FAQs about Symdeko
There are no known interactions between Symdeko and alcohol. Patients are advised to speak with their healthcare team about whether it is safe to drink alcohol while on this medication.
Animal studies generally indicated no treatment-related adverse effects on the fetus when using either of Symdeko’s active components, except decreased fetal body weight and early developmental delays with tezacaftor. However, data on pregnant women are limited. It is not known whether this treatment passes to human breast milk. Before taking Symdeko, patients should inform their healthcare team if they are pregnant or plan to become pregnant, are breastfeeding, or plan to do so.
Neither hair loss nor abnormal weight gain have been reported as a side effect of Symdeko. Patients who experience unanticipated effects after starting a new cystic fibrosis therapy are advised to talk to their healthcare provider.

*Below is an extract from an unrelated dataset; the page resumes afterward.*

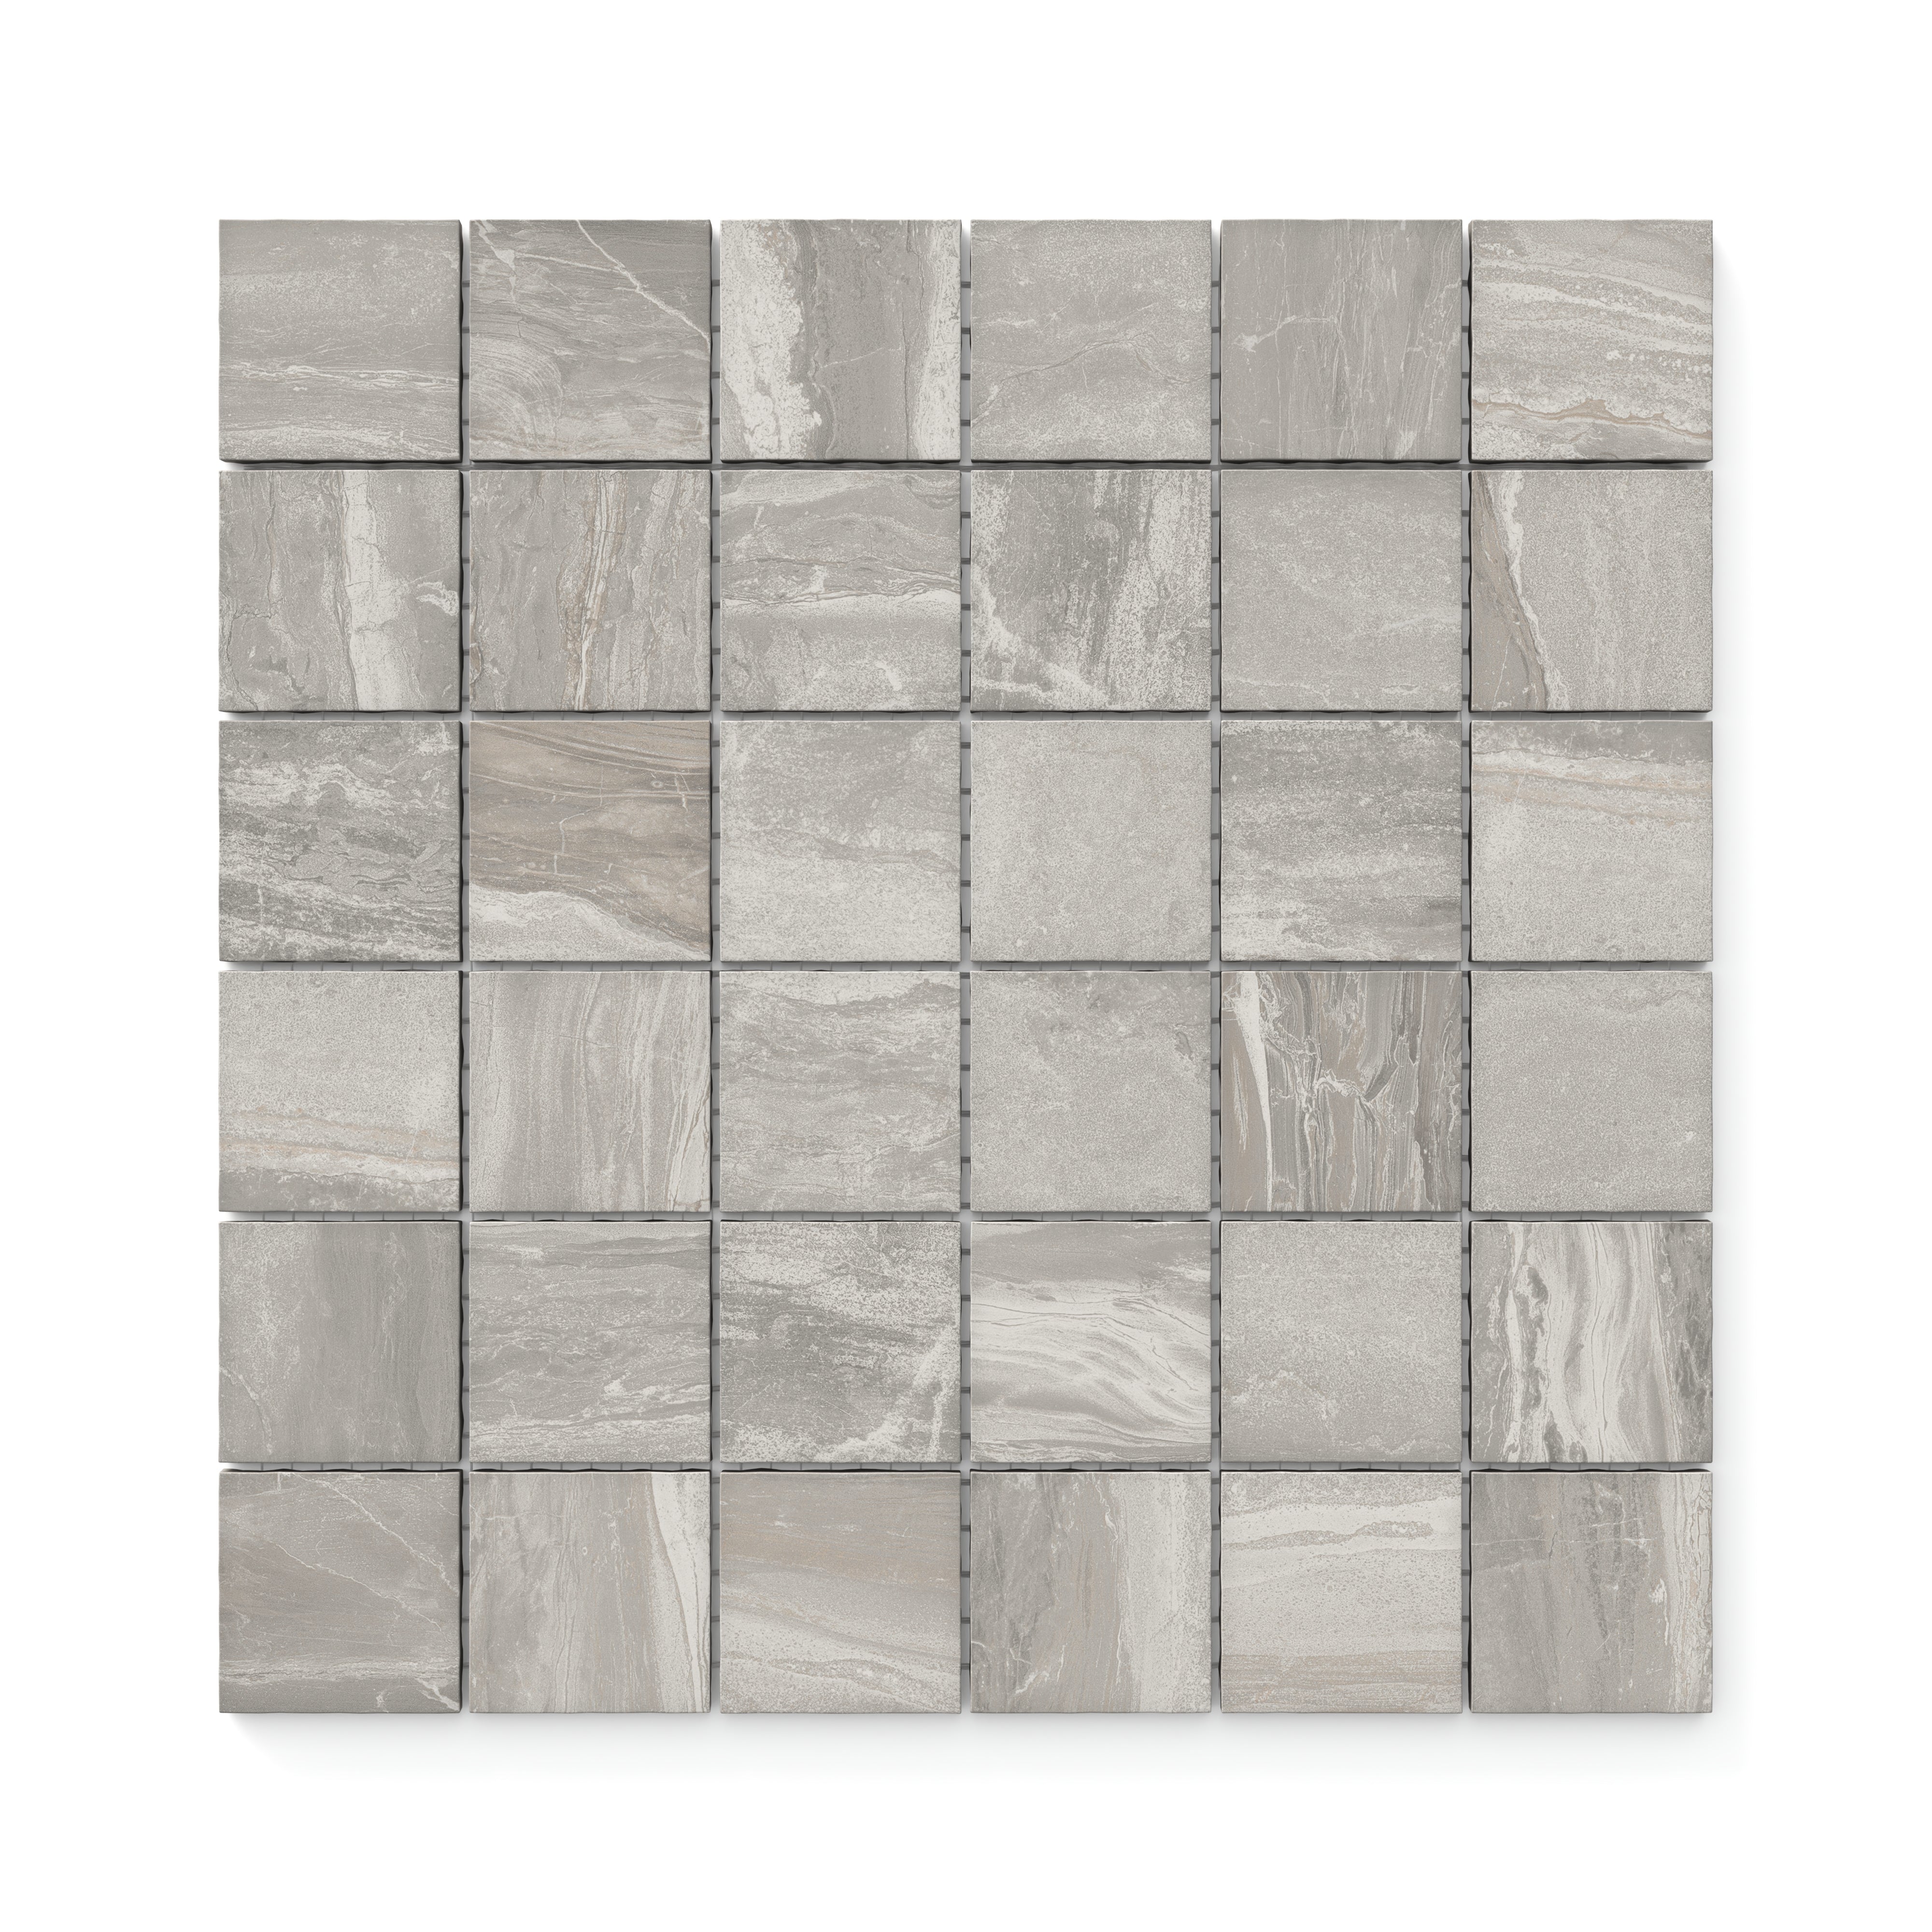 Harley 2x2 Matte Porcelain Mosaic Tile in Taupe

In a Phase 3 trial that supported Symdeko’s initial approval, lung function improvements were seen within 15 days after treatment start. These gains were sustained through treatment conclusion at 24 weeks or about six months. However, each person may respond differently to treatment, so patients are advised to discuss with their healthcare team how Symdeko may help in their particular case.
Symdeko was approved by the U.S. Food and Drug Administration in February 2018 for cystic fibrosis (CF) patients, ages 12 and older, carrying two copies of the F508del mutation in the CFTR gene or with one mutation that responds to Symdeko. This approval was later expanded, now covering individuals 6 years and older with CF caused by one of 154 genetic mutations.